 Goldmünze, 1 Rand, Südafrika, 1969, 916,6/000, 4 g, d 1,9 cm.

==

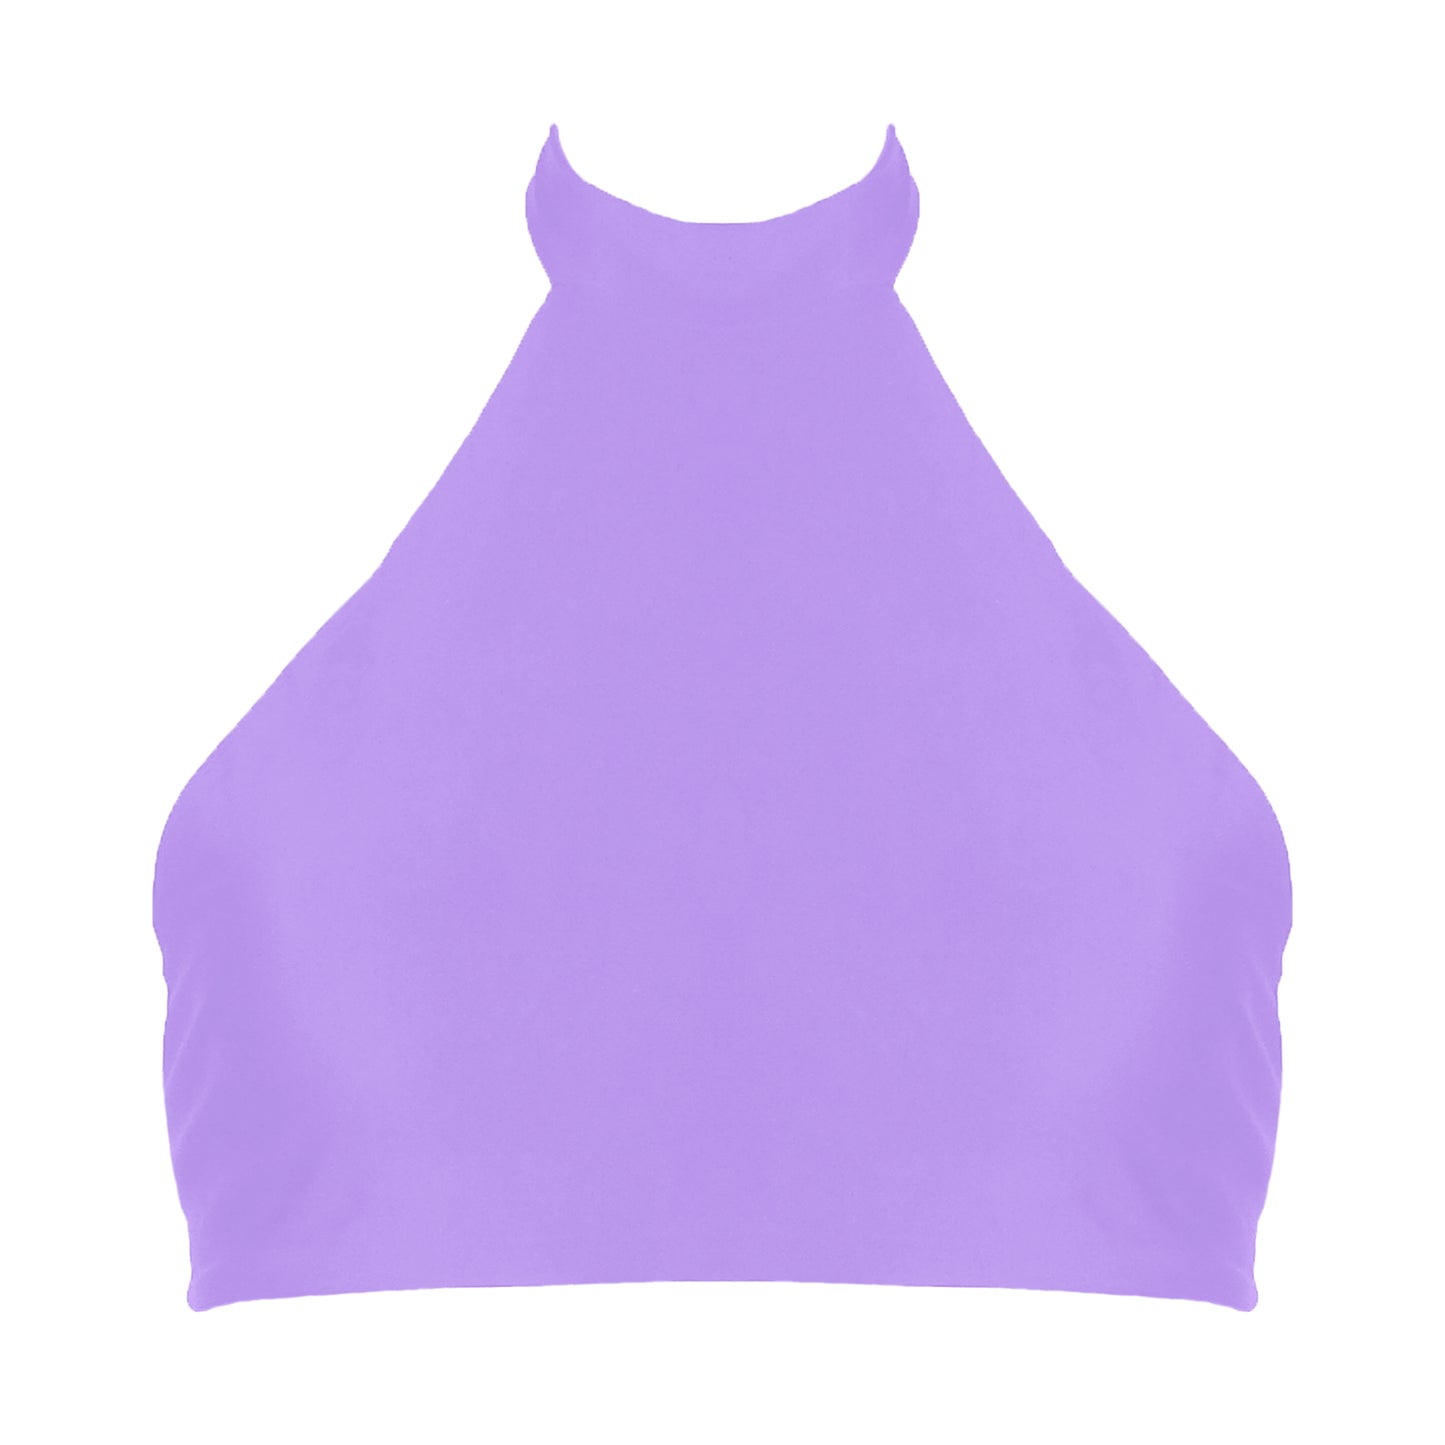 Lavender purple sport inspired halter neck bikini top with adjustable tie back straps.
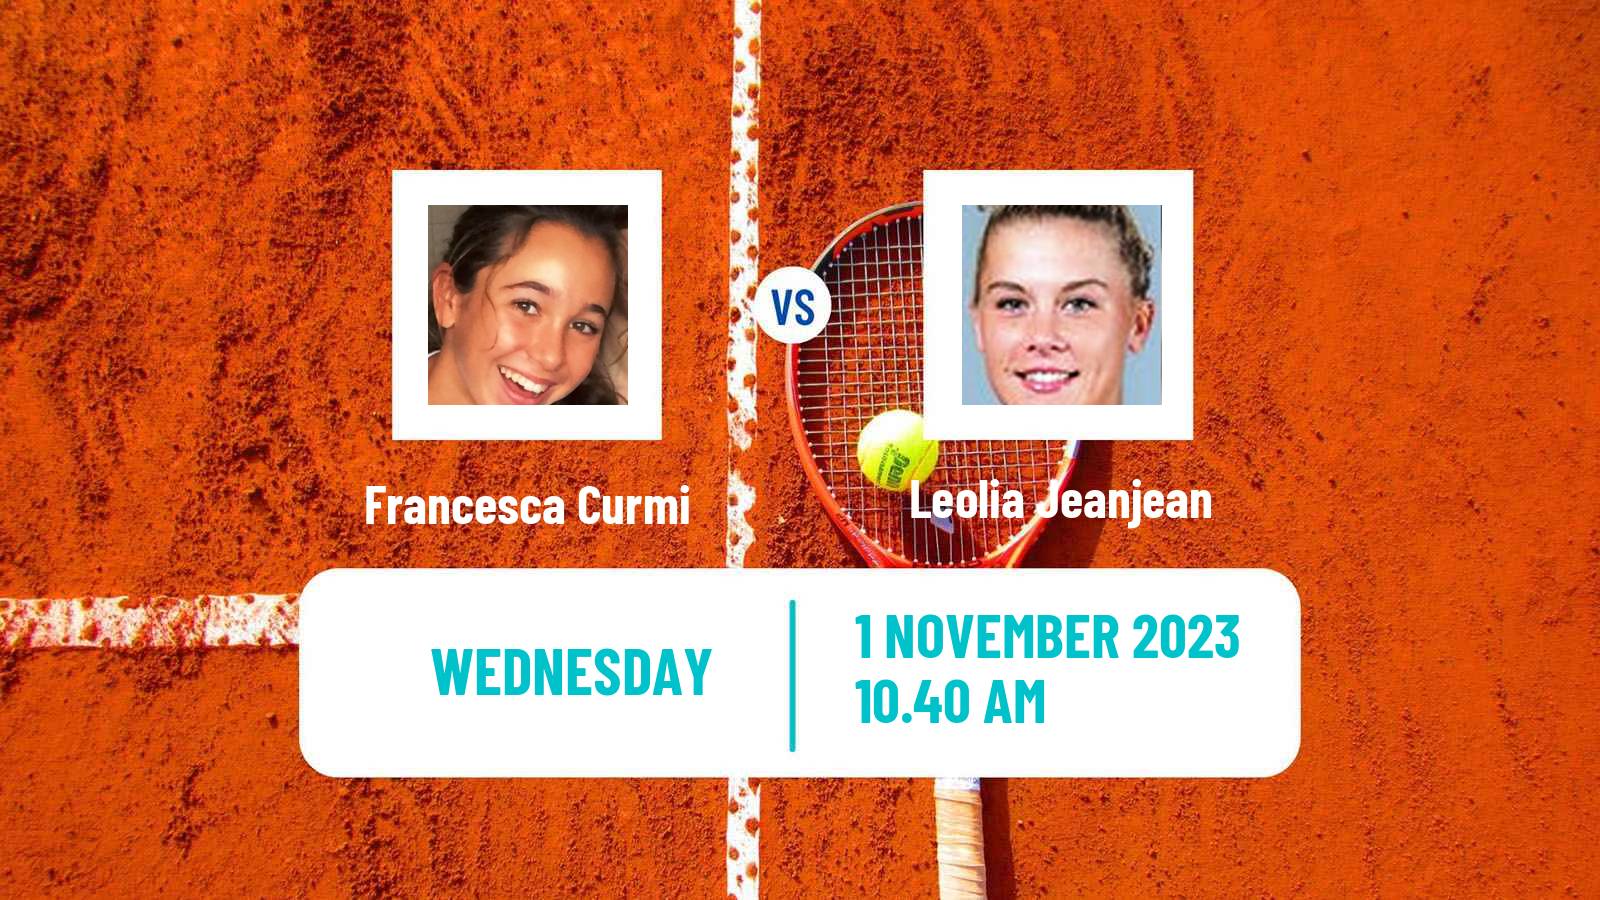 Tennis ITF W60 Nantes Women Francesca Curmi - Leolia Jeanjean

> [Problem description]:
With pictures omitted, repeat the entries above word for word from the line holding "Lavender purple sport" down to the line holding "Tennis ITF W60", keeping both of those lines.

> [Response for this exercise]:
 Lavender purple sport inspired halter neck bikini top with adjustable tie back straps.
 Tennis ITF W60 Nantes Women Francesca Curmi - Leolia Jeanjean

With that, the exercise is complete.